As far as this story goes, Kyaligonza insisted that he could only speak to Army Chief of Staff Smith Opon Acak, who happened to be out of the country. As they waited for him to return, Kyaligonza escaped, mbu he tied bedsheets together for a rope, and let himself down from a window and into the dark streets. He returned to the bush an angry man, believing that he had been fingered for death.
Cynics say that the Makindye beating might have snapped a few wires and caused his endless shenanigans. But the truth is that he is just a naughty man who revels in infamy.
The people of Hoima are all too familiar with his recurring slapping episodes that appear to spare no one; yet for the most part they like him in spite of it, may be even because of it.
In 2016, Octogenarian former Deputy Premier Henry Kajura was determined to stay his retirement by despoiling the NRM Primaries to favour him. In places like Hoima, winning the NRM vote all but guarantees you the parliamentary seat. Kajura’s rival, Lawrence Bategeka, seemed powerless to stop the old man’s well-oiled rigging machine (he often boasted that his money is what votes for him, not the people) until General Kyaligonza stepped in. If the DPC of Hoima police hadn’t stood between the two squabbling NRM giants, Kajura would be the most high profile victim of Kyaligonza’s slap-machine. The general’s intervention caused the vote to be put off, and when it was redone, Kajura was rightly sent to his retirement home.
Much later, at the tail-end of 2018, there was an NRM primary for LC V chairman in the newly created Kikuube district, carved out of Hoima, towards the oil fields. One of the candidates, Alpha Opio had the support of all fellow Bafuruki (migrants) into the district, most of them Bakiga, and he was the strong favourite. Trouble is; he was standing against Banura Kyaligonza, son of the notorious general.
Enter the slap machine! This time he stirred up the locals with tribal sentiments and that, along with a few slaps to put the Bafuruki in line, and an inflated number of voters, ensured that his son won.
Not too long ago, an overloaded truck got stuck in Hoima, along Fort Portal road. It was a rainy day and the driver, fearing that he would get completely stuck in the mud if he moved to the roadside, decided to park right in the middle. A line of cars soon built up behind him. Drivers pleaded with him to move aside but he was adamant, saying “ffena tugende kusula wano”.
Unfortunately for him, one of the people held up behind him was Kyaligonza. The general ordered his boys to park the truck at the roadside, then he pulled out a gun and blasted all its tyres, front and back.

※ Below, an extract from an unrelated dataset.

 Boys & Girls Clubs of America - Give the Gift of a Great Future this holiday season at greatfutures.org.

“You can now spend the night there since it’s what you wanted,” he said as he entered his land cruiser and sped off. He lives for such moments.

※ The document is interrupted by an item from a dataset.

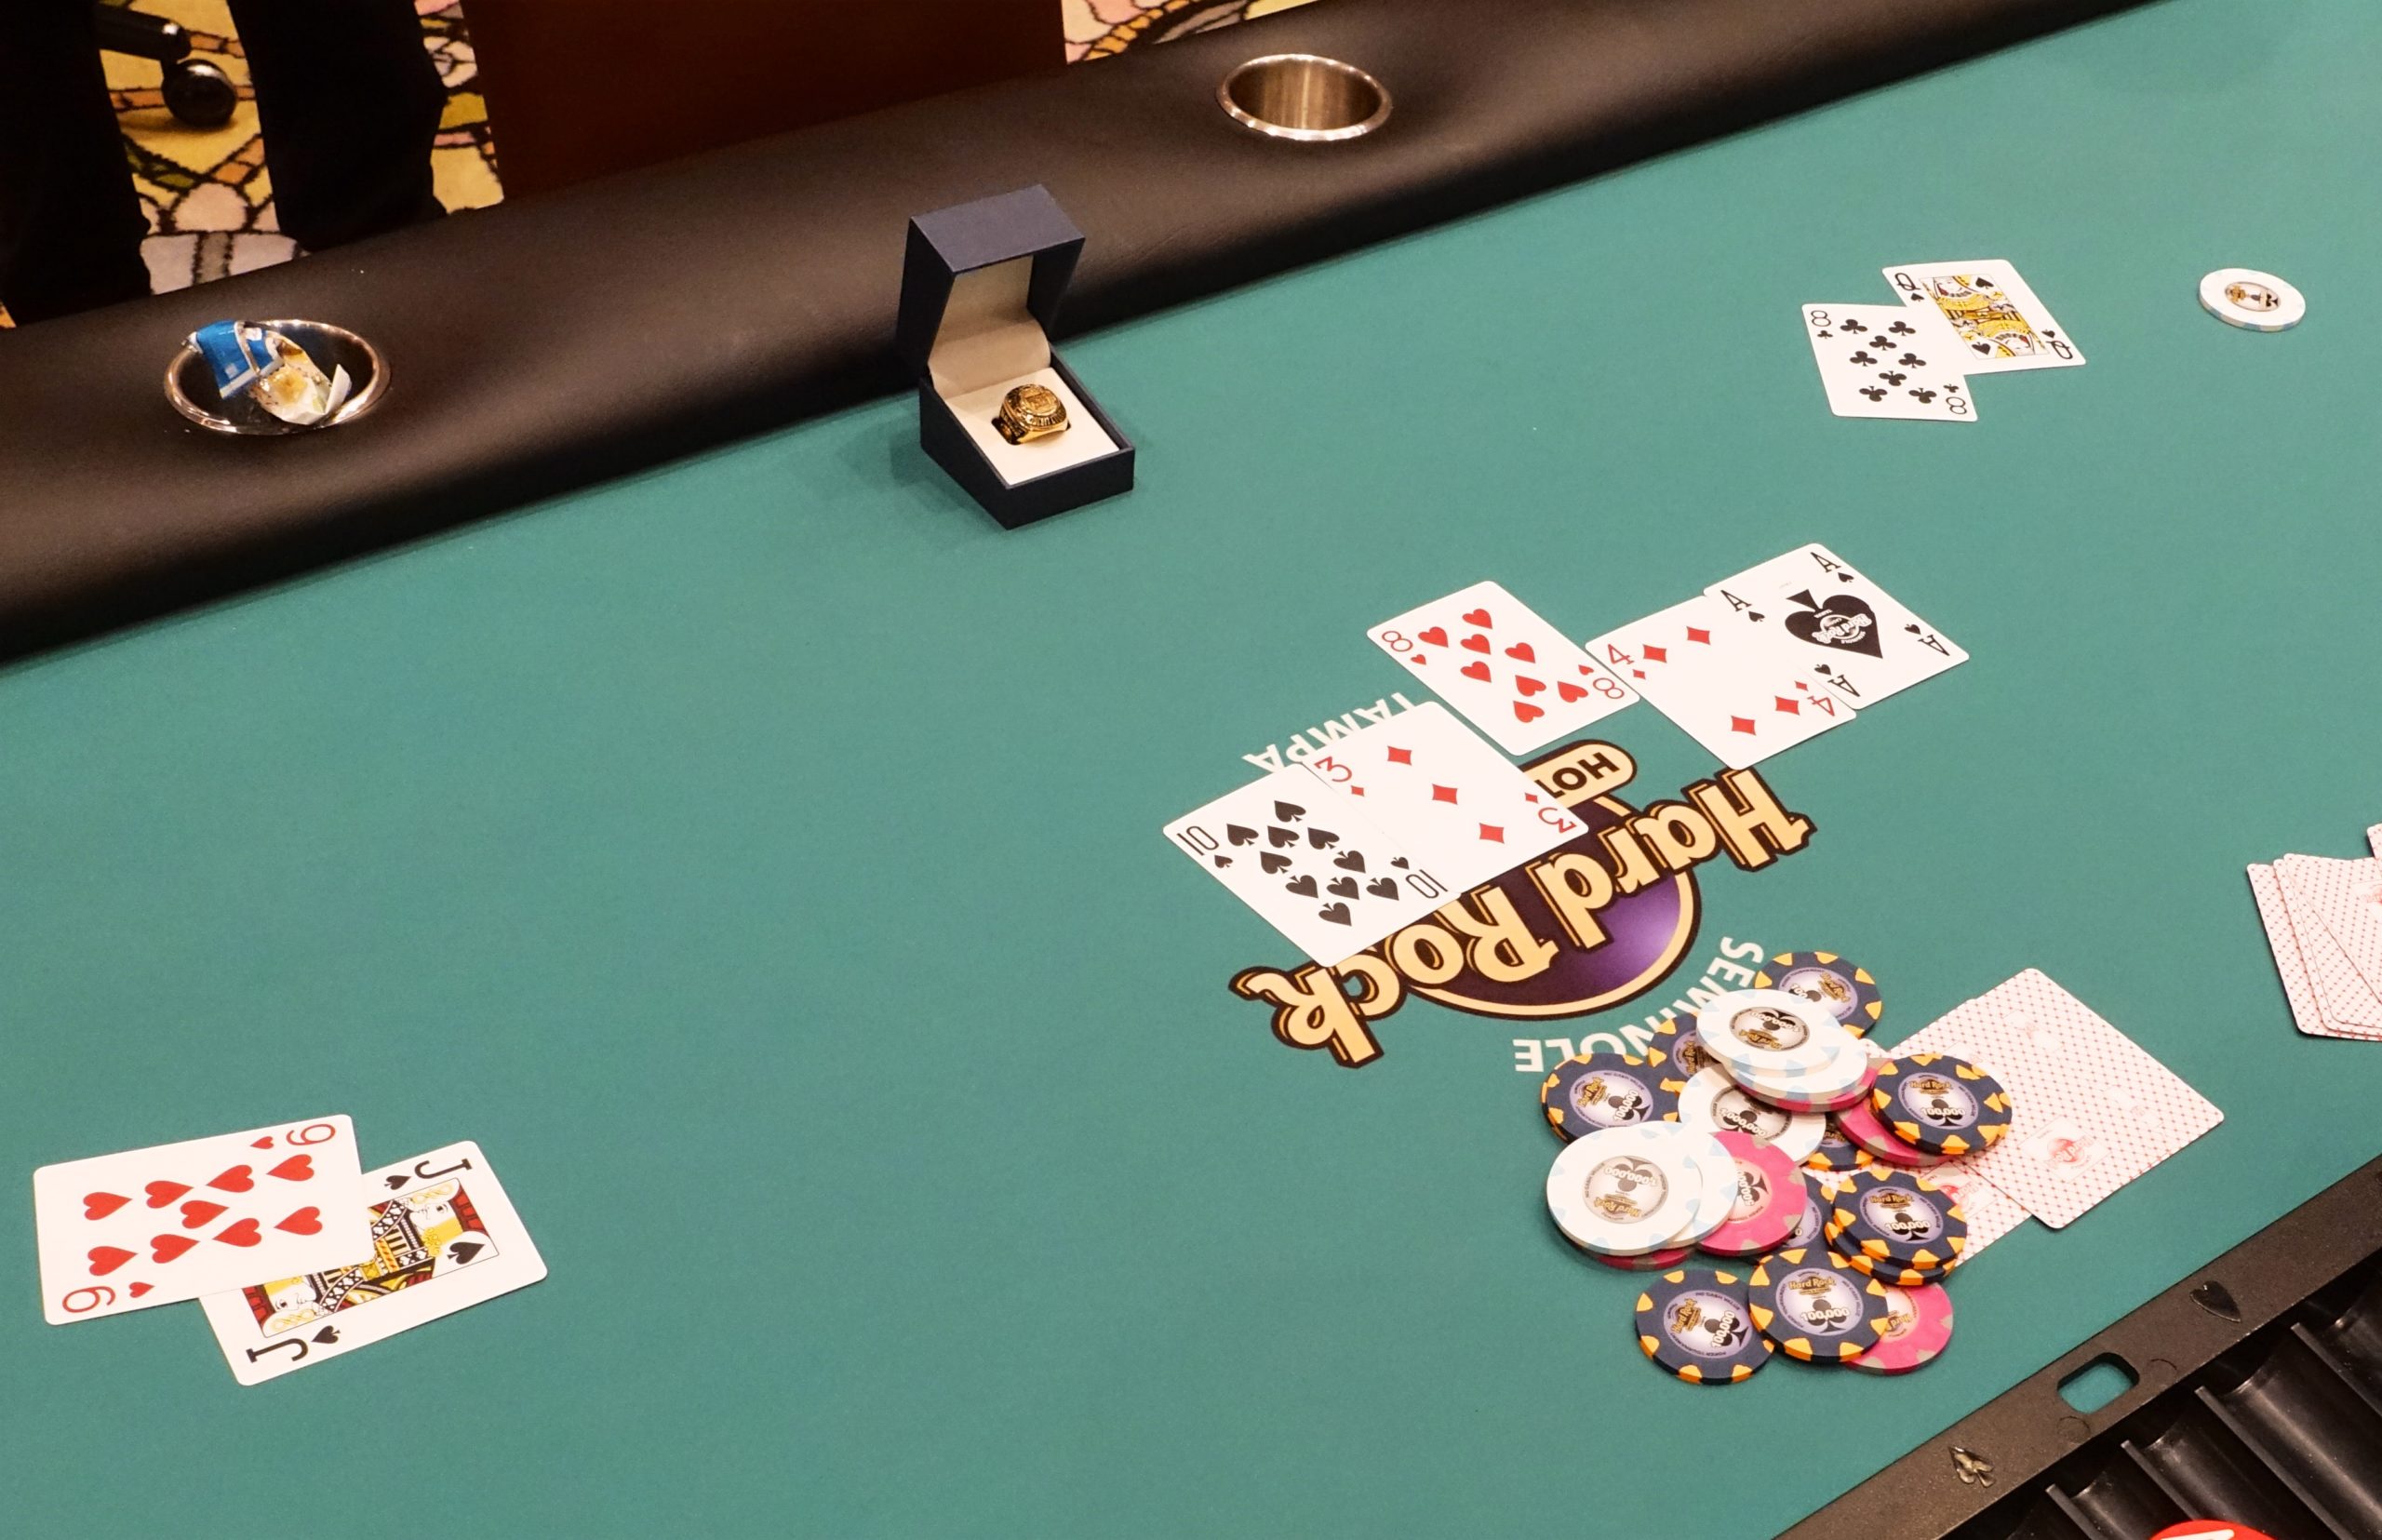 Final Hand of the WSOP Circuit Main Event, with J-9 bluffing against Q-8 on a board of 10-8-3-4-A.

One radio presenter who was reporting what happened at the aforementioned LC V elections in Kikuube was told that the general was waiting outside the station. He escaped through a back door and ran to former Bishop of Hoima Diocese His Lordship Edward Baharagate, a gregarious fatherly character loved by everyone.

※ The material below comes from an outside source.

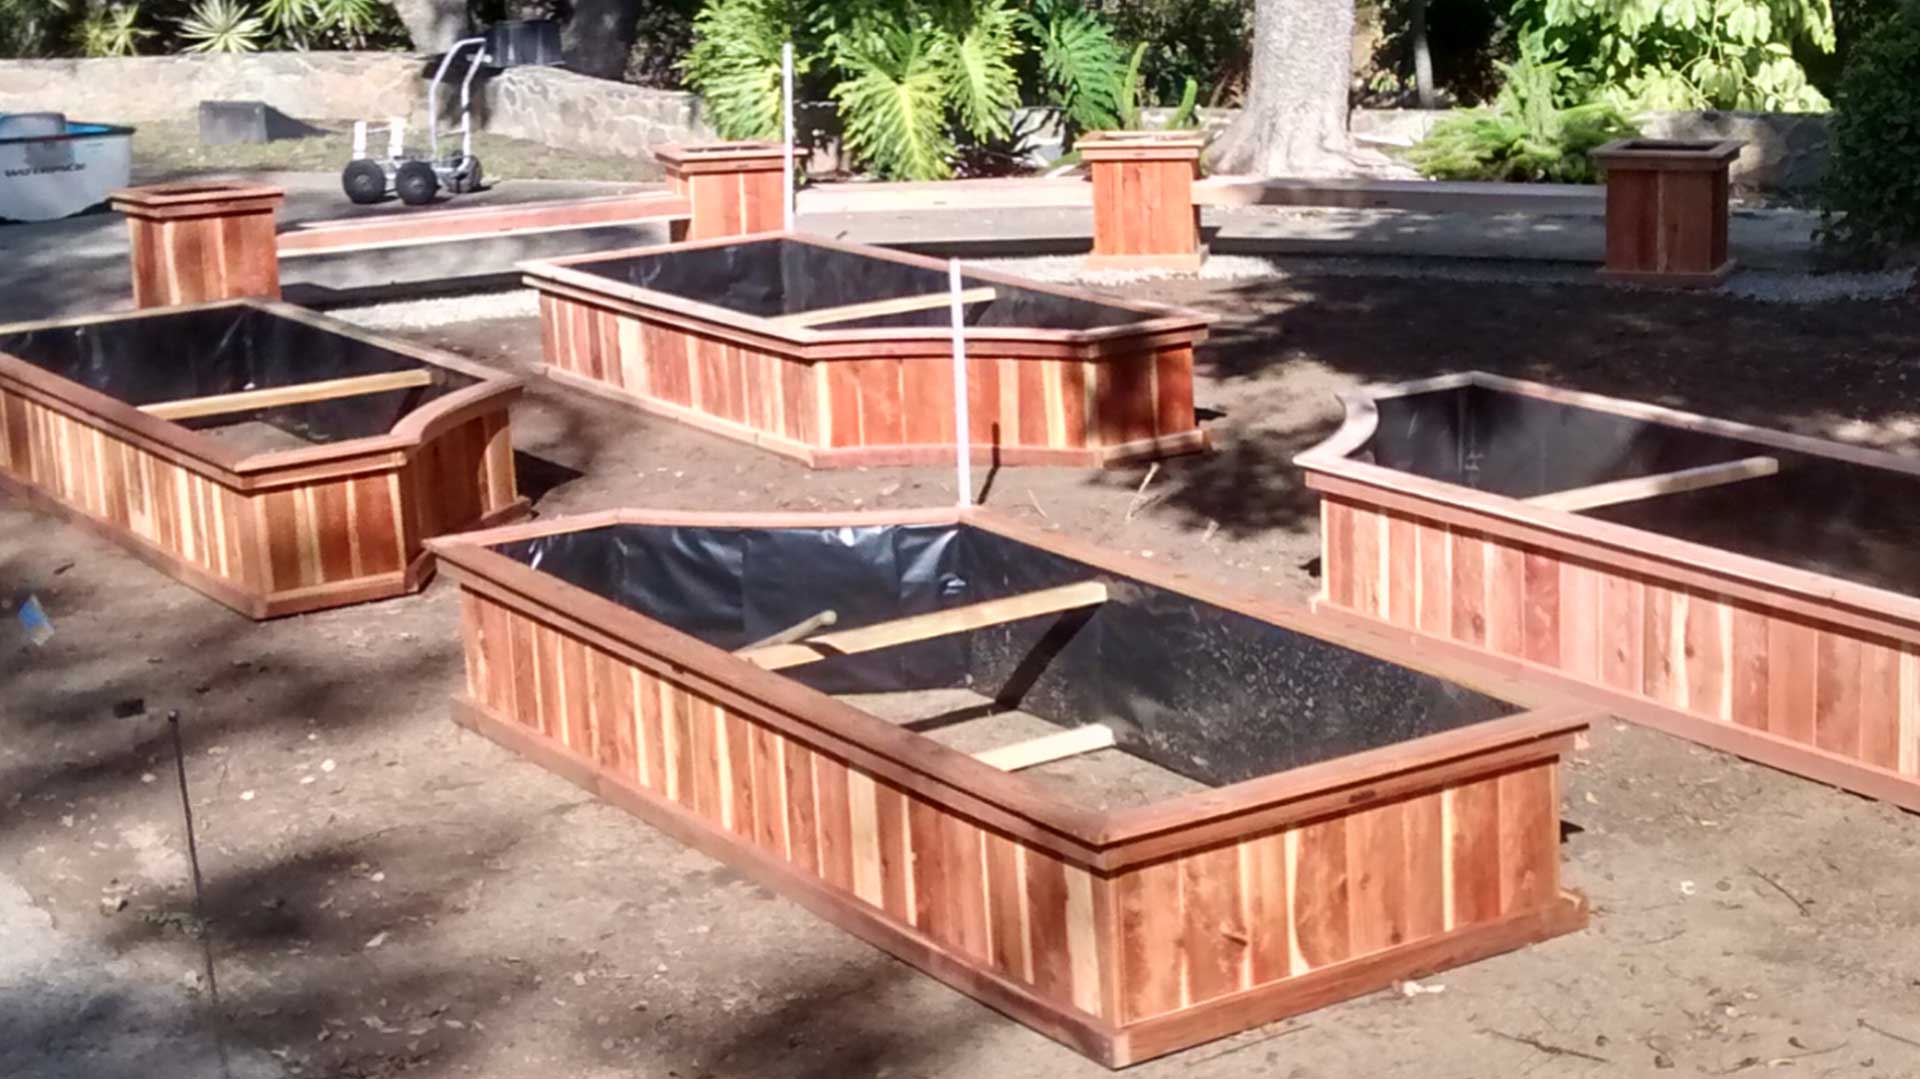 A group of wooden raised garden beds in a yard.

That’s the other thing about Kyaligonza. He is a staunch Catholic and reveres the church’s hierarchy. The Bishop is the only one who can, and often does, tame the raging general.
The negative media attention and a threat of a parliamentary probe might shake lesser mortals. Not Kyaligonza. He exults in it. He has probably framed the newspaper front pages on which he appeared slapping that traffic cop. He has arrived!
Finally his notoriety has gotten the attention it deserves.
Accept my apologies for a late rant… or I will slap you.